You’ve seen it before, in a million family dramas, both the kind you see on TV and the ones in your living room. The 13-year-old daughter wants to leave the house dressed one way; her mother is adamant that it will be another. “Mom, things are different than when you grew up,” the teenager sighs in weary exasperation. “People are freer.” She has no idea how dreadfully correct she is: Her mother is no suburban soccer mom peering across a generation gap but a Soviet mole who has spent nearly two decades burrowing her way into a cover story so deep that her own children have never penetrated it.
FX’s ironically named new espionage drama The Americans is full of such moments, ambiguous yet revealing, mundane yet intense. It’s a fervid spy thriller, but also a searching examination of the nature of the ties of ideology and tribe and blood, of how they bind and when they break. Most of all, it’s a show you just don’t want to miss.
Set in 1981, just after the election of Ronald Reagan to the presidency, The Americans stars Matthew Rhys and Keri Russell as Philip and Elizabeth Jennings, whose neighbors in the Virginia suburbs of Washington, D.C., believe to be a happily married couple running a travel agency while juggling the typical troubles that come with two young kids.
In reality, Philip and Elizabeth are Russian-born spies who’ve been stealing secrets for Soviet intelligence since they slipped into the United States 16 years earlier. Their marriage is a sham of KGB convenience, though their children — and their love for the kids — are real enough.
But their espionage is getting more complicated and more dangerous as Soviet-American detente frays at the edges. The newly elected Reagan has denounced Soviet adventures in Afghanistan and Nicaragua, and Moscow leaders regard him as a lunatic cowboy. “Our war is not so cold any more,” one of Elizabeth’s KGB superiors warns her. “The orders are going to change now. There are going to be more risks.”
The spymaster’s words seem prophetic when an FBI counterintelligence agent (Noah Emmerich, Super 8) moves in next door to the Jennings family. Coincidence, or a closing net? Even more threatening is the subversion inside their home: Philip has been seduced, not by one of the enemy’s spies but by its department stores. “What’s so bad about it?” he says of America. “The electricity works all the time.
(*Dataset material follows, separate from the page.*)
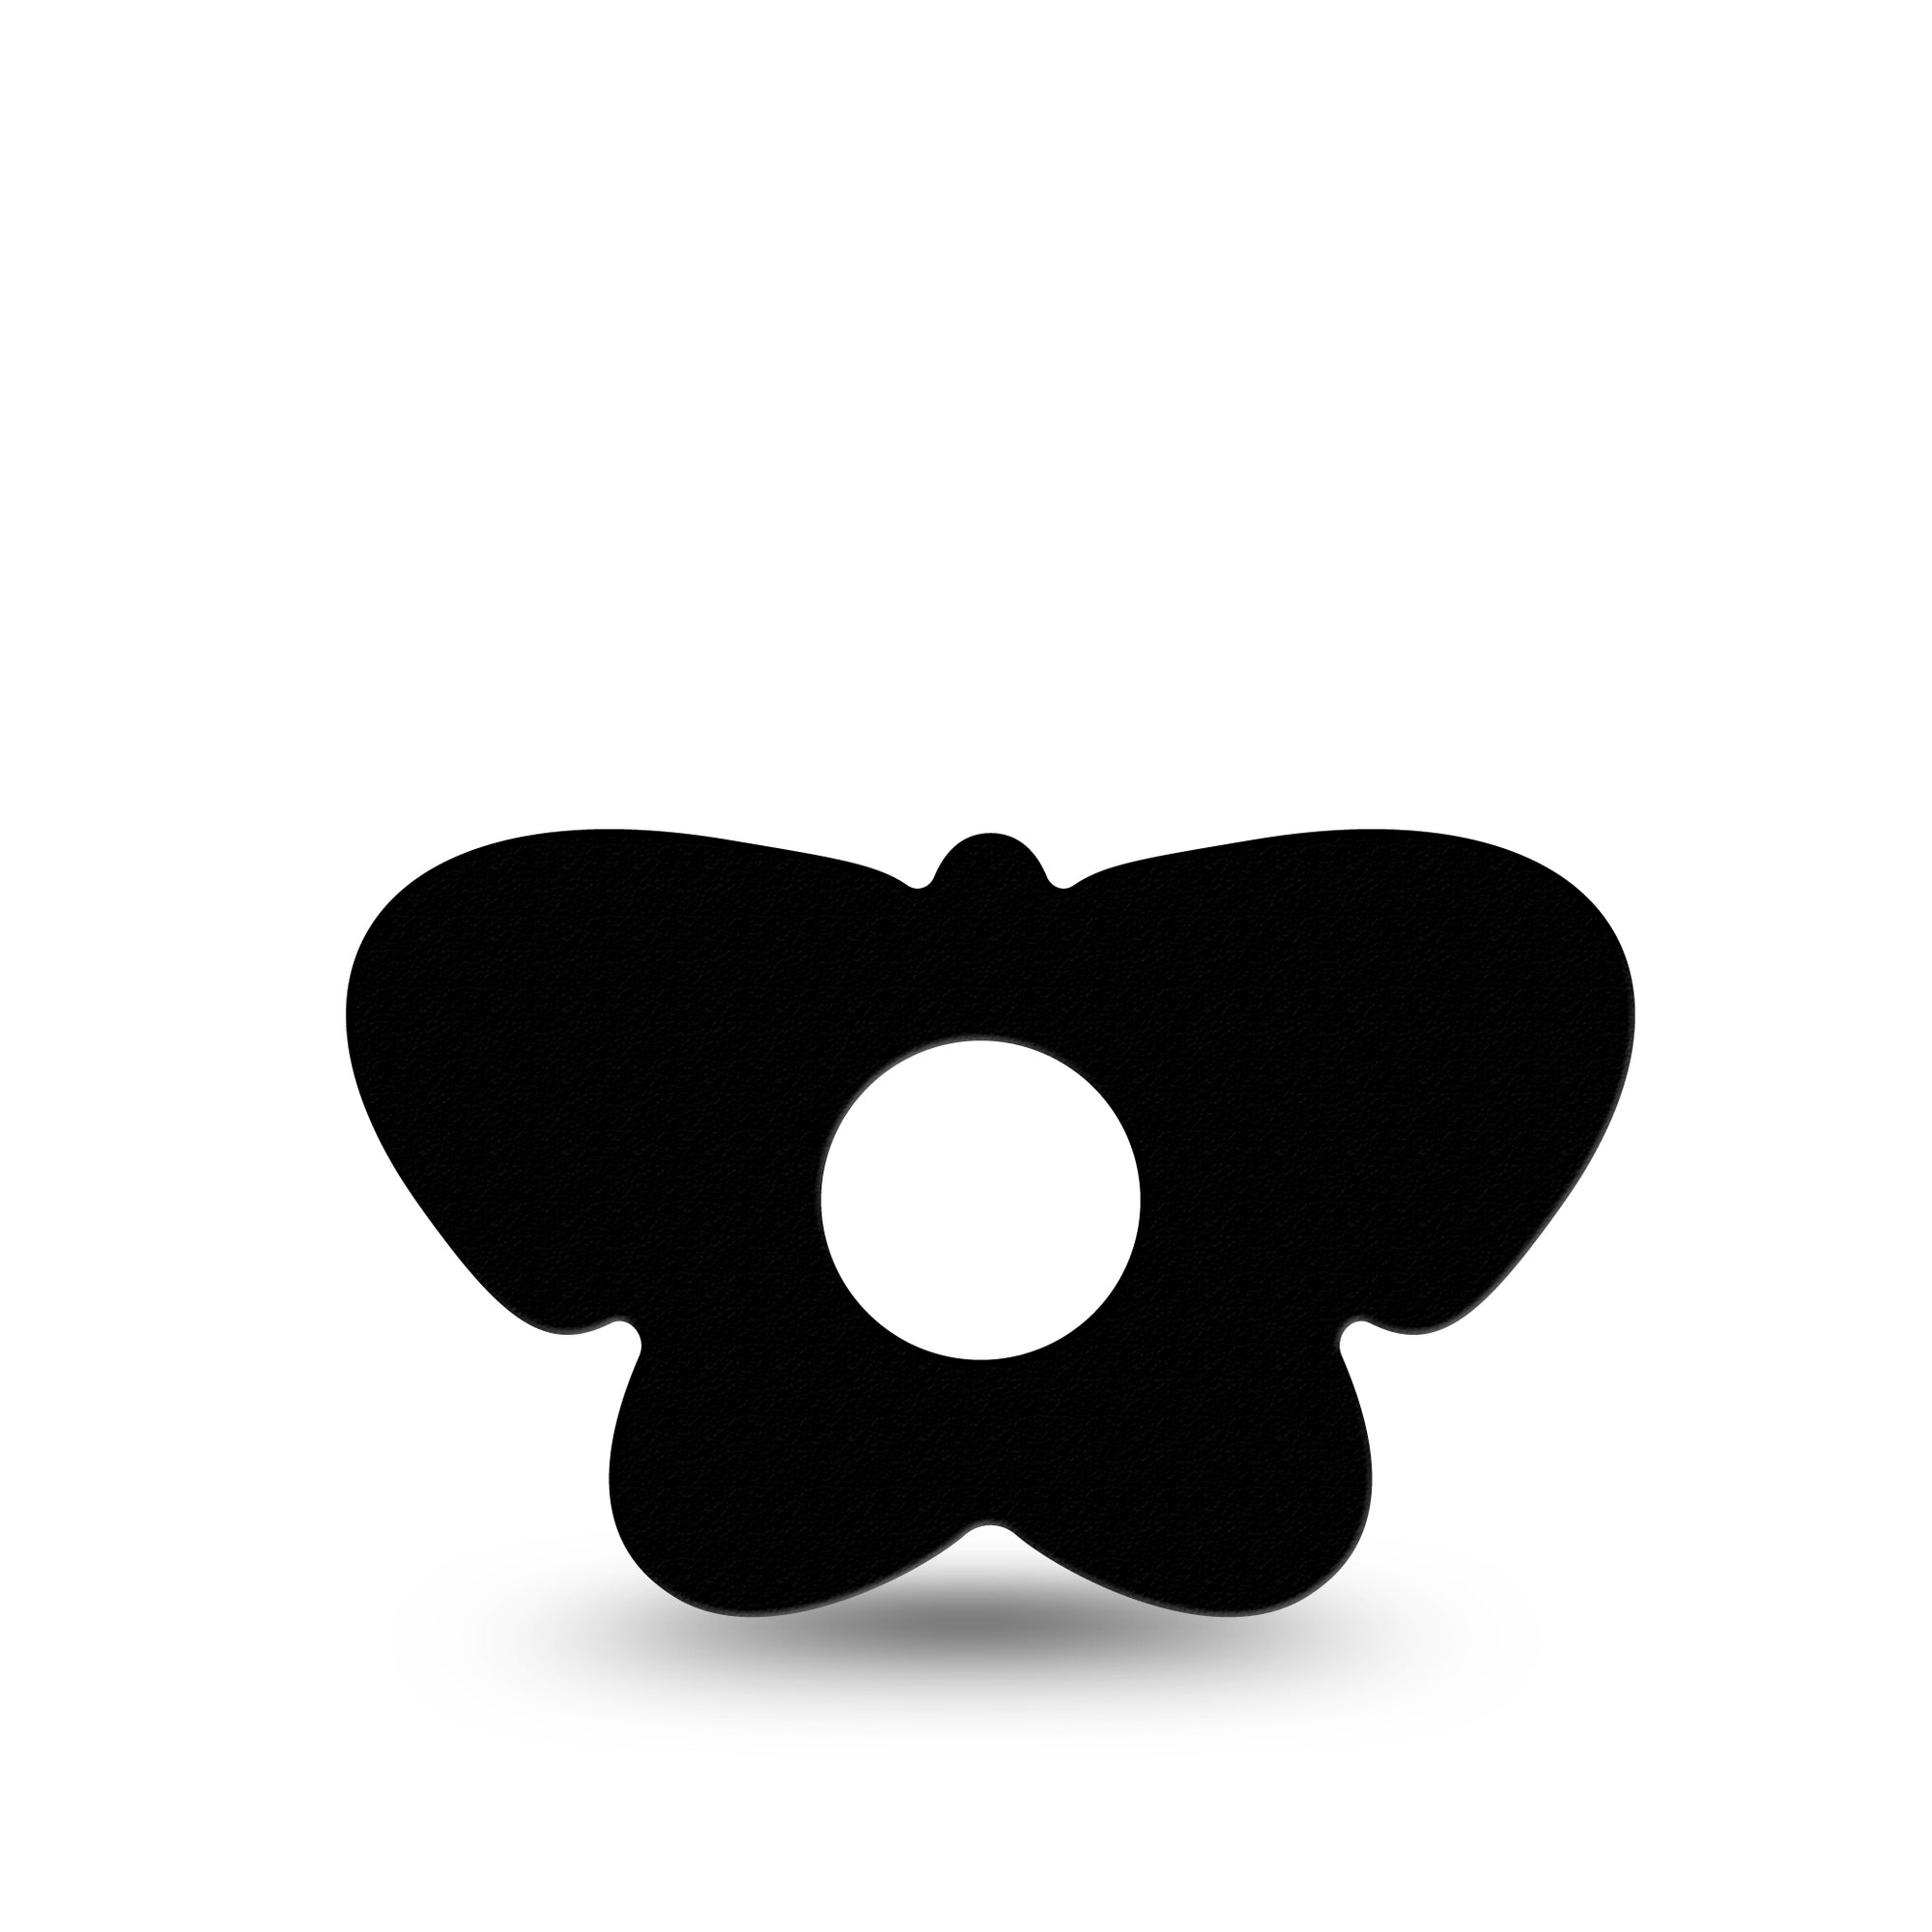 ExpressionMed Black Butterfly Libre 3 Tape, Single, Coal Black Inspired, CGM Overlay Patch Design

The food’s pretty great. The closet space!” The news that Washington is paying a bounty of $3 million to KGB turncoats nudges Philip into open rebellion.
The Americans was created and written by Joe Weisberg, a former CIA officer, and its authenticity is striking. The show is not without the occasional car chase, but its real strength is in its evocation of the schizoid paranoia of the double life of intelligence. Even a trip to the park is fraught with sinister overtones. That woman — a mommy out for a stroll, or part of an FBI surveillance team? That cop — is he looking for purse-snatchers, or for you? The concealment cuts both ways: As Freud might have said if he were a spook instead of a shrink, sometimes an umbrella is just an umbrella, and sometimes it’s a KGB assassination weapon.
Even the show’s domestic moments are laden with subterfuge and suspicion. Philip has fallen in love with the wife issued him by the KGB, but Elizabeth still regards their marriage as an operation rather than a relationship. When he makes a bold gesture to prove his love, her eyes gleam with something. But it is affection? Or calculation of her chances of exploiting a weakness?